Devil’s Millhopper Geological State Park
First Discovered back in the 1880’s, this sink hole is a National Natural landmark and has been drawing curious visitors ever since it’s discovery. It gets it’s name from it’s funnel shape that resembles a grain hopper and because ancient fossilized bones where discovered there, it is legend that the the sink hole fed bodies to the devil.
132 steps take you down 120 feet onto a viewing platform where you can marvel at this 500 foot wide natural wonder.
Sinkholes are a result of a collapse in cavities that have been created in the underlying limestone. When rain water mixes with the carbon dioxide in the air it creates a carbonic acid. As this carbonic acid soaks into the soil and down into the limestone, cavities gradually form and sometimes cavities grow into caverns. The weight of the earth above the cavern can become too heavy, resulting in the ceiling of the cavern collapsing.
Oak trees and spruce pines tower over the sinkhole, small streams trickle down the steep slopes and inside the walls of this natural site grow orchids, needle palms and other lush tropical vegetation.

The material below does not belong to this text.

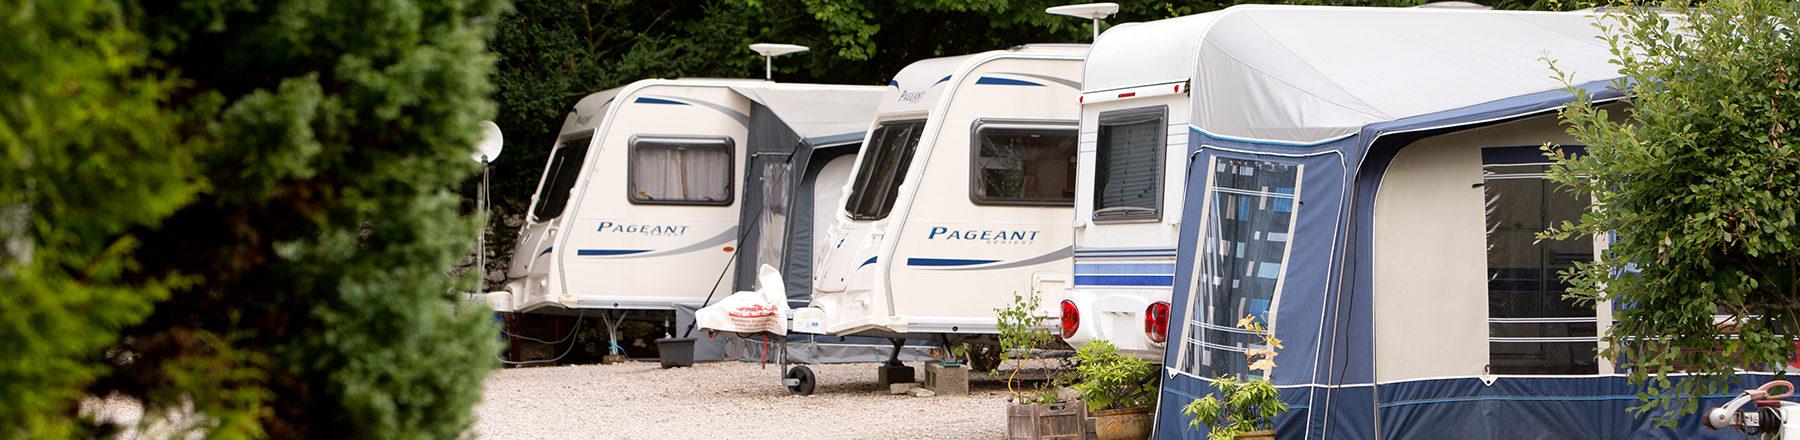 Seasonal Pitches For Touring Caravans Norfolk

There is a 1/2 mile nature trail around the rim of the sinkhole that takes you on a short hike through a natural Florida pine forest landscape and be sure to stop into the visitors center to view the exhibits explaining the site’s natural history.
Our Suggestion: This is an inexpensive – couple of hours attraction. View the sinkhole, walk the trail and do have a picnic lunch under the shade of the trees. Picnic tables with grills are provided. Cost to enter is only $4 per car load and the park is located at 4732 Millhopper Road in Gainsville. Park is open Wednesday thru Sunday from 9 am to 5 pm. Closed on Monday and Tuesday.
Devil’s Millhopper Geological State park is an excellent place for you and your family to learn a little about natural Florida and after your half day visit here, continue your learning adventure by visiting the University of Florida’s Butterfly Rainforest and the Florida Museum of Natural History, just a short drive away.